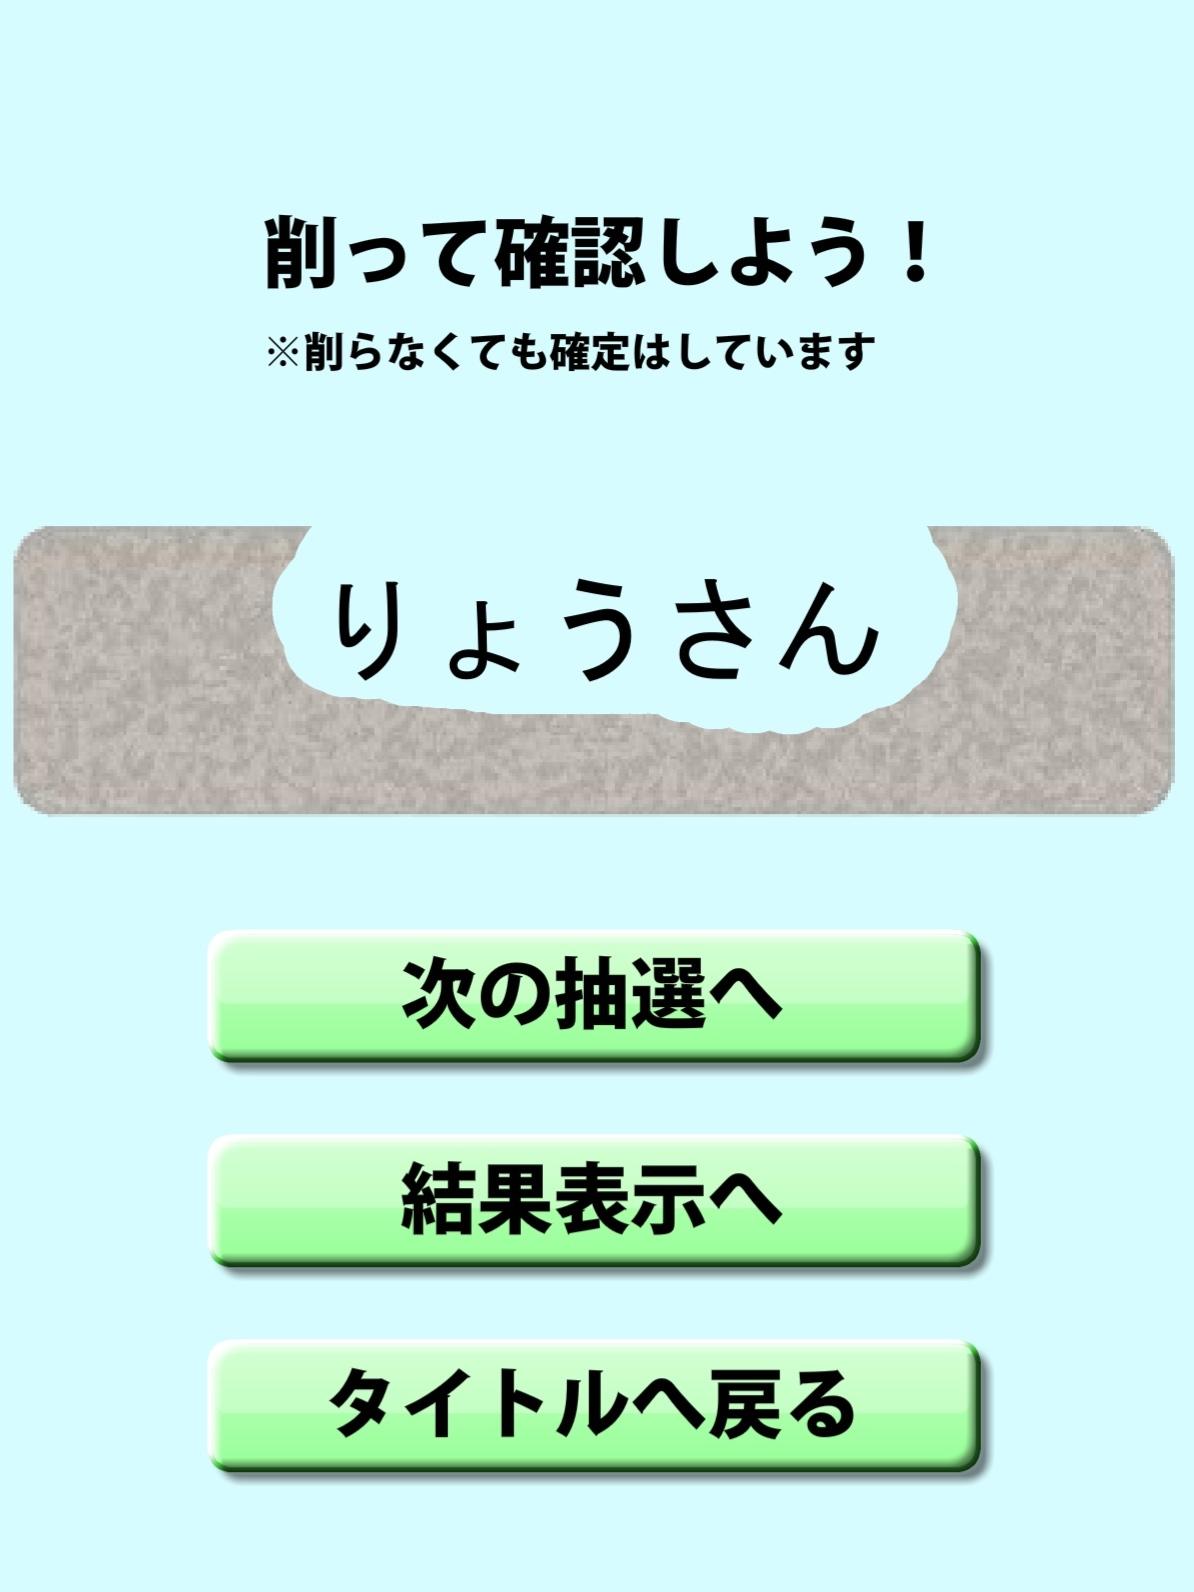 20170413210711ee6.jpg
* * *
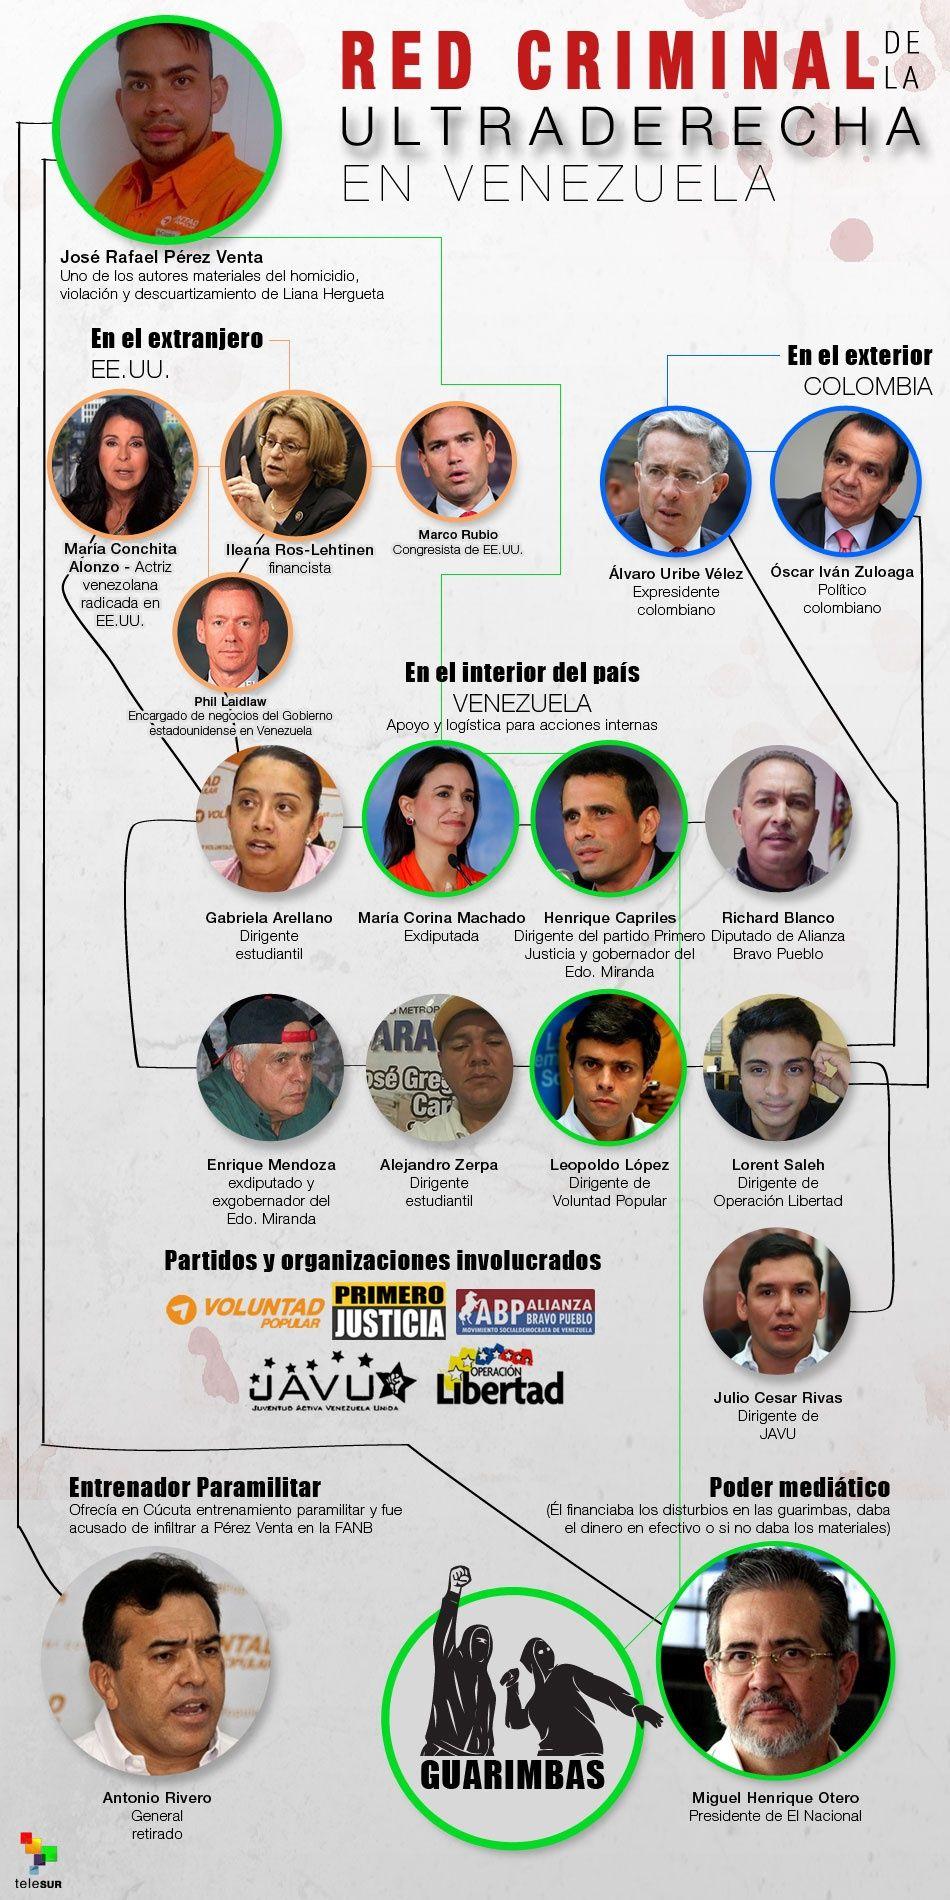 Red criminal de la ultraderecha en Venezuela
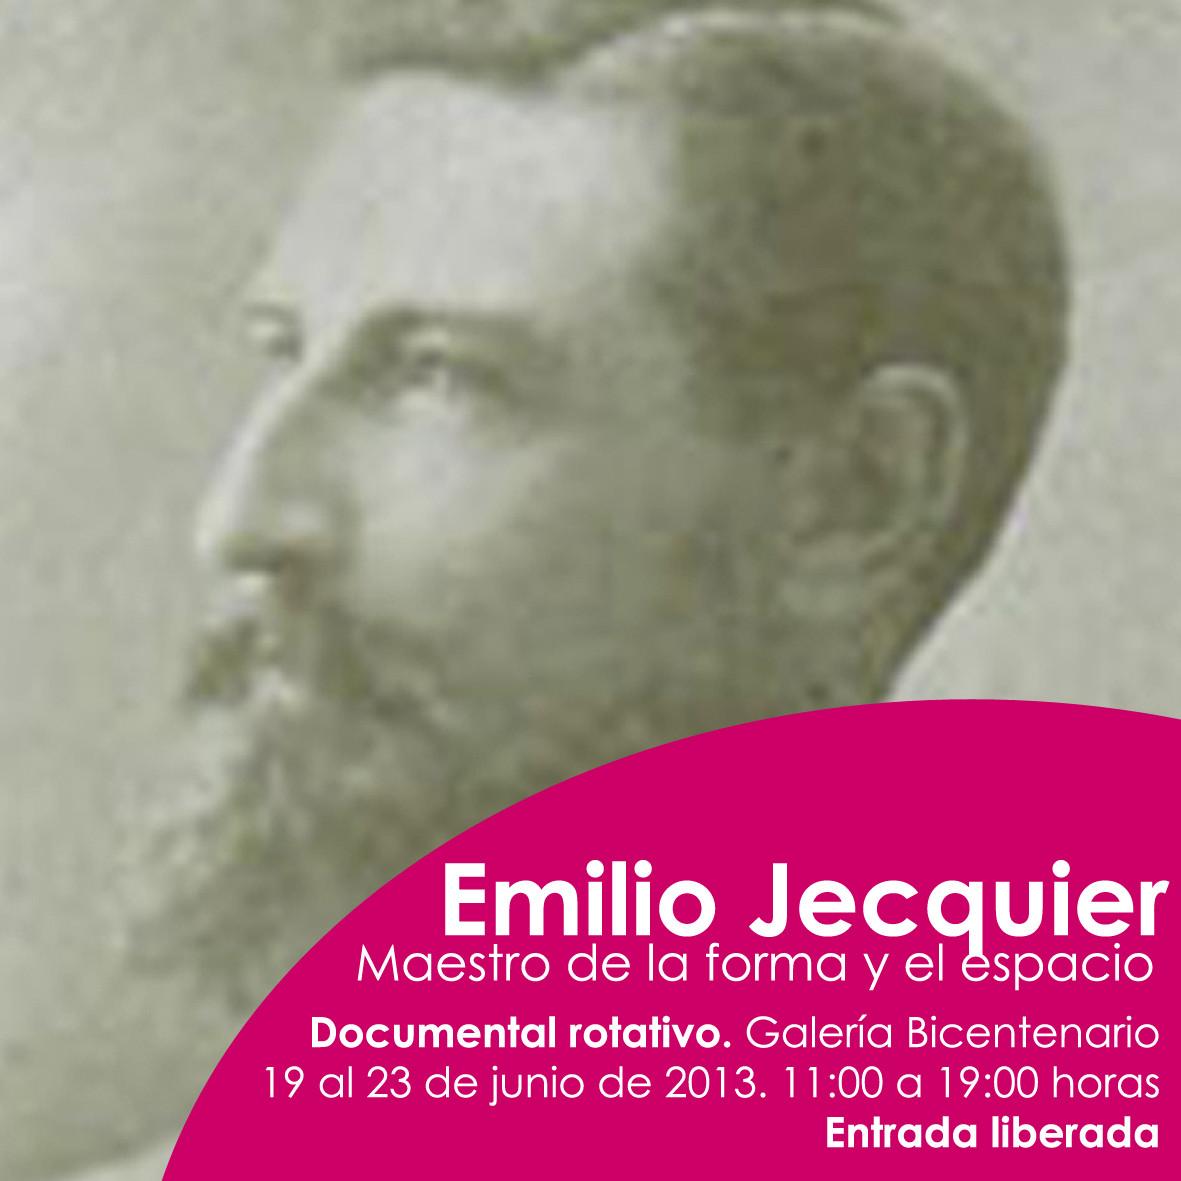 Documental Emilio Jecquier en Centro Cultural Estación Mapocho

== Problem to solve ==
Write out, word for word, the stretch of entries that begins at the line with "Red criminal de la ultraderecha en Venezuela" and ends at the line with "Documental Emilio Jecquier". Pictures do not belong in it.

== Solved problem ==
 Red criminal de la ultraderecha en Venezuela
 Documental Emilio Jecquier en Centro Cultural Estación Mapocho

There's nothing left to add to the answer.